Normalization is a process that helps analysts or databases designers to design table structures for an application. The focus of normalization is to attempt to reduce redundant table data to the very minimum. Through the normalization the collection of data in a single table is replaced, by the same data being distributed over multiple tables with a specific relationship being setup between the tables. By this process RDBMS schema designers try their best to reduce table data to the very minimum.
Note:- It is essential to remember that redundant data cannot be reduced to zero in any database management system.
Having said this, when the process of normalization is applied to table data and this data is spread across several associated (i.e. a specific relationship bas been established) tables, it takes a query much longer to run and retrieve user data from the set of tables.
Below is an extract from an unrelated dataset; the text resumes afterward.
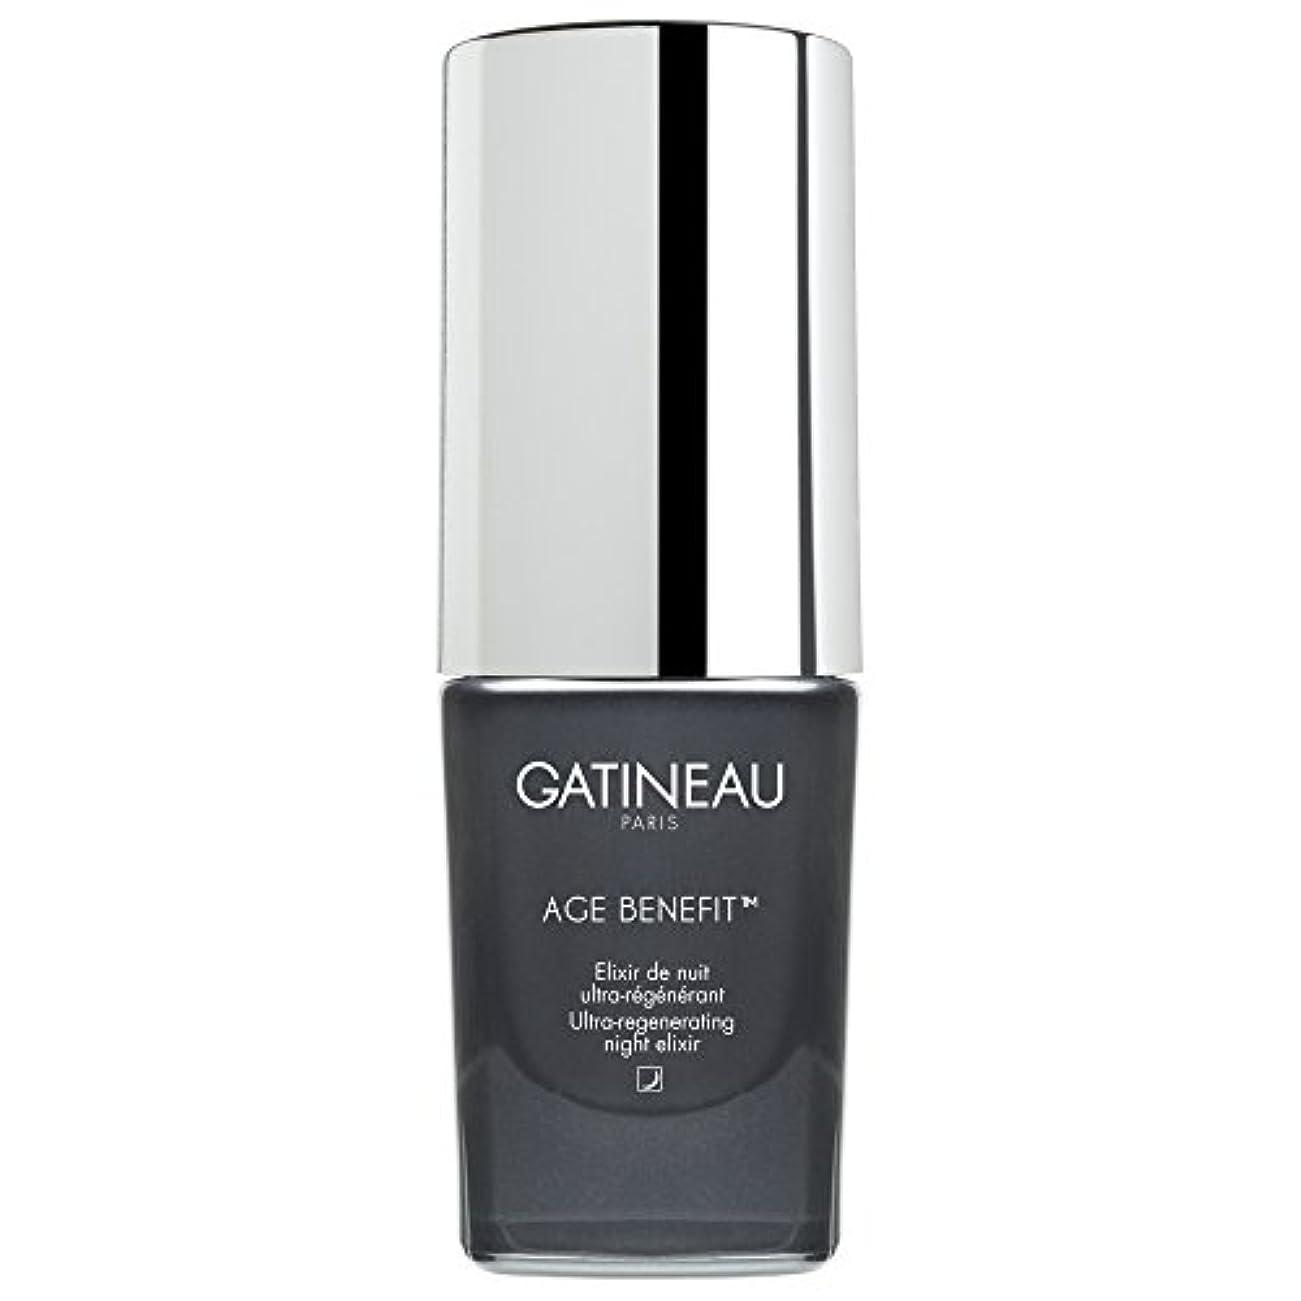 ガティノー年齢給付超再生夜のエリクシルの15ミリリットル (Gatineau) - Gatineau Age Benefit Ultra-Regenerating Night Elixir 15ml [並行輸入品]

Hence, often in a commercial application after 100% normalization is carried out across the master tables often the table structures are de-normalized deliberately to make SQL queries run faster. This means that in commercial application there is a often a trade off between redundant table data and the speed of query execution.
Normalization is carried out for the following reasons:
1. To structure the data between tables so that data maintenance is simplified
2. To allow data retrieval at optimal speed
3. To simplify data maintenance through updates, inserts and deletes
4. To reduce the need to restructure tables as new application requirements arise
5. To improve the quality of design for an application by relationship by rationalization of table data
Normalization is a technique that:
1. Decomposes data into two-dimension tables
2. Eliminates any relationship in which table data does fully depend upon the primary key of a record
3. Eliminates any relationship that contains transitive dependencies
A description of the three forms of Normalization is as mentioned below.
First Normal Form
When a table is decomposed into two-dimensional tables with all repeating groups of data eliminated, the table data is said to be in its first normal form.
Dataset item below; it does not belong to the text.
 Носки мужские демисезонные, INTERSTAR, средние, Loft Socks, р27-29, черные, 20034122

The repetitive portion of data belonging to the record is termed as repeating groups.
To understand the application of normalization to table data the following table structure will be taken as an example:
Note: 1-n indicated that there are many occurrences of this field - it is a repeating group.
Data held in the above table structure:
|Project Number||Project Name||Empoyee Number||Empoyee Name||Rate Category||Hourly Rate|
|P001||Using MySQL On Linux||E001||Sharanam Shah||A||7000|
|P001||Using MySL On Linux||E002||Vaishali Shah||B||6500|
|P001||Using MySQL On Linux||E006||Hansel Colaco||C||4500|
|P002||Using MySQL On Linux||E001||Sharanam Shah||A||7000|
|P002||Using MySQL On Linux||E007||Chhaya Banker||B||4000|
In the above data there are a few problems:
⦁ The Project Name in the second record is misspelled. This can be solved by removing duplicate. Do this using normalization
⦁ Data is repeated and thus occupies more space
A table is in 1st normal form it:
⦁ There are no repeating groups
⦁ All the key attributes are defined
⦁ All attributes are dependent on a primary key
So far there are no keys, and there are repeating groups. So remove the repeating groups, and define the primary key.
To convert a table to its First Normal Form:
1. The unnormalized data in the first table is the entire table
2. A key that will uniquely identify each record should be assigned to the table. This key has to be unique because it should be capable of identifying any specific row from the table for extracting information for use. This key is called the table's Primary key.
|Project number||Primary key|
|Employee number||Primary Key|
This table is now in 1st normal form.
Second Normal Form
A table is said to be in its second normal form when each record in the table is in the first normal form and each column in the record is fully dependent on its primary key.
A table is in 2nd form if:
⦁ It's in 1st normal form
⦁ It includes no partial dependencies (Where an attribute is dependent on only a part of a primary key)
The steps to convert a table to its Second Normal Form:
1. Find and remove fields that are related to the only part of the key
2. Group the removed items in the another table
3. Assign the new table with the key i.e. part of a whole composite key
Going through all the fields reveals the following:
⦁ Project name is only dependent on Project number
⦁ Employee name, Rate category and Hourly rate are dependent only on Employee number
To convert the table into the second normal form remove and place these fields in a separate table, with the key being that part of the original key they are dependent on.